Thursday, 13 November 2014

Carbon Sequestration in South Africa for our coal generated electricity


South Africa uses coal to generate electricity (Eskom), produce fuels like diesel and crude oil (Sasol), a multitude of synthetic chemicals and metallurigical processing.  It is a cheap fossil fuel and available right on our door step.  We have so much of it that we even export around 28% to the foreign market.  Coal drives quite a large economy on it's own and this is one of the reasons, up until the last few years, that no other energy alternatives were seen as favourable or invested in.  Now since coal with be with us for quite a few more decades, spewing carbon dioxide without limit into the atmosphere, solutions will need to be found to bring the carbon dioxide emissions from this source down.

Nothing has changed in the last few decades, instead the usage of coal has risen exponentially due to South Africa's economic growth and the rising the export price.  However, there are technologies available that can be researched further and implemented but need the right conditions to do so.  The fact that the large industries emitting carbon into the atmosphere by burning this fossil fuel and the customers of the generated energy do not pay a cent towards these emissions, means inherently that there is no need to pour money into researching Carbon Capture and Storage technologies (CCS).


But what is available under the umbrella of CCS technology?  The Department of Energy in the US has poured approximately $6,5 billion in the last 30 years researching and testing this technology of capturing carbon dioxide and storing or sequestering it in underground porous rock formations.  The petroleum industry (international) has been injecting carbon dioxide into depleted oil fields and using it to force trapped oil to the surface for more than four decades.  A good example of this is the Canadian petroleum company Cenovus Energy.  Since 2000 around 20 million metric tons of CO2 has been captured form a North Dakota plant that turns coal into synthetic natural gas and stores it in a depleted oil patch.  No leaks have been documented at this site and the risks of a catastrophic leak is extremely low.  Smaller, regular leaking is still a possibility at some sites where the rock is brittle and faulted.  One of the most stable sites is the Sleipner gas field in the North Sea, where the Norwegian oil company Statoil, has been injecting millions of tons of CO2 into a brine saturated sandstone layer about a kilometre below the seabed.  These deep saline aquafiers, like the one under the North Sea and the US, can hold more than a thousand years of worth of carbon emissions from power plants in the US alone.  Other types of rocks also have the potential as a carbon sink.  So instead of storing CO2, volcanic basalt converts the gas to a form of carbonate rock - thus eliminating the risk of escaping gas.

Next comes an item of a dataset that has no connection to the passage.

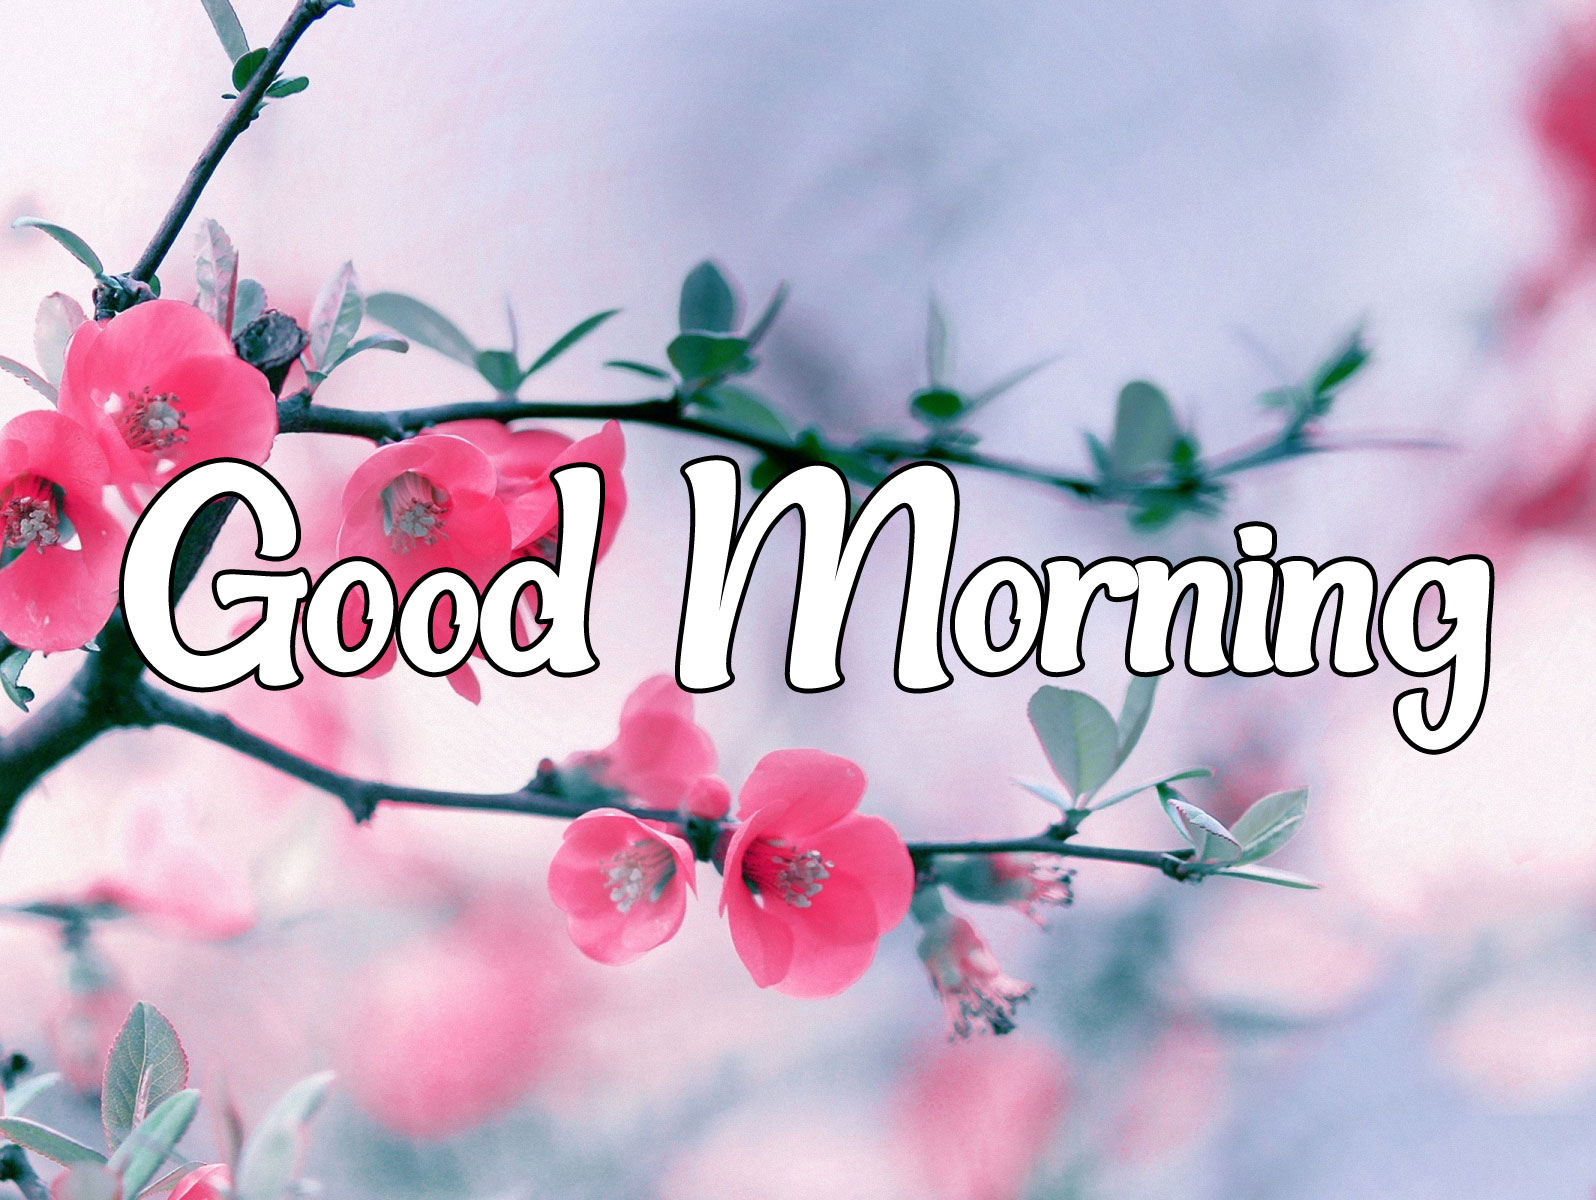 Flower Good morning Images (45) – Good Morning Images | Good ...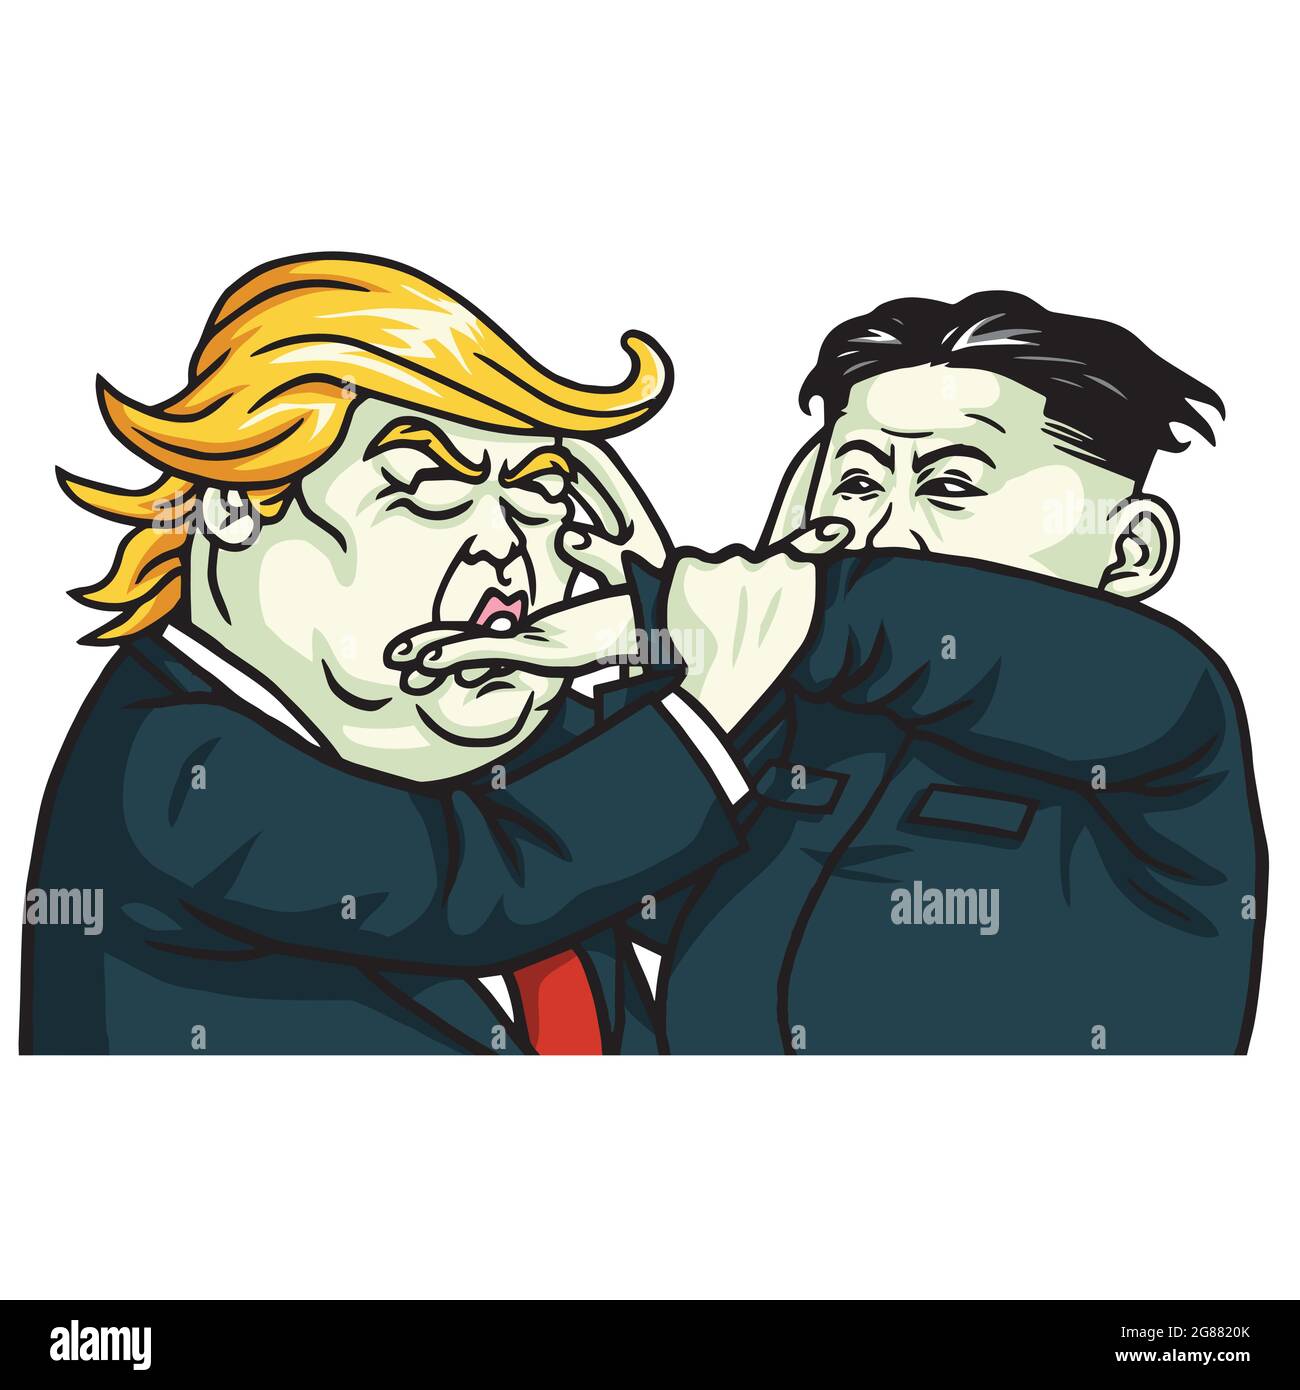 Donald Trump gegen Kim Jong-un im Kampf. Vektorgrafik Zeichnung Stock Vektor

All of the above technologies capture CO2 either by extracting the impurities from natural gas or the conversion of coal to other chemicals.  Capturing CO2 from a coal fired power plant is a totally different story. Trying to capture CO2 from a complex combination of stack gases is an uphill and very expensive task, which the power companies generally have no incentive to carry out.  Different technologies have been developed to make carbon capture more efficient and cheaper such as to gasify the coal before burning it.  This technology is being used at a new plant in the US which was designed with carbon capture in mind.  But this won't work on existing power plants who burn crushed coal.  One option is to burn the coal in pure oxygen instead of air which produces a simpler flue gas from which to extract the carbon.  This technology is still under development and hasn't been put into use at a power plant yet due to the prevailing global political climate in most of the countries using coal fired power plants.  China is making huge investments to clean up their air especially with all their power utilities using coal.  The first power plant in China designed to capture carbon is due for completion in 2016 - the project called GreenGen will capture 80% of it's emissions.

The above technologies have the promise of delivering big emission cuts quickly, which are sorely needed if are we to keep to the agreed emissions budget set out by the International Panel of Climate Change to keep temperature rise below the 2 degrees Celsius.  The impact of CCS is huge and has the potential of cutting carbon emissions by approximately 80% within the next 40 years.  But to get this going we need global regulation and incentives (carbon trading is one) to produce innovative and progressively cheaper technologies for cleaner air and less carbon emissions.

And this market incentive is coming to South Africa soon, as soon as 2015!  The proposed carbon tax and National Trading Scheme is being implemented for industry from 2015.  The demand for carbon offsets is there, the supply is lagging behind though.  A formal framework is being developed currently for the agricultural sector with carbon credits to be traded via the Gold Standard.  This standard as well as other schemes such as the Clean Development Mechanism and the Verified Carbon Standard (VCS) within the local National Trading Scheme will be used for the carbon offsets within industry.  These regulations and markets will reduce the carbon footprint of our electricity and other carbon intensive resources dramatically through the use of CCS technologies, which will trickle down to our products and services.  This is has long been called for as South Africa has the dirtiest electricity in the world which affects market access of our products and services globally.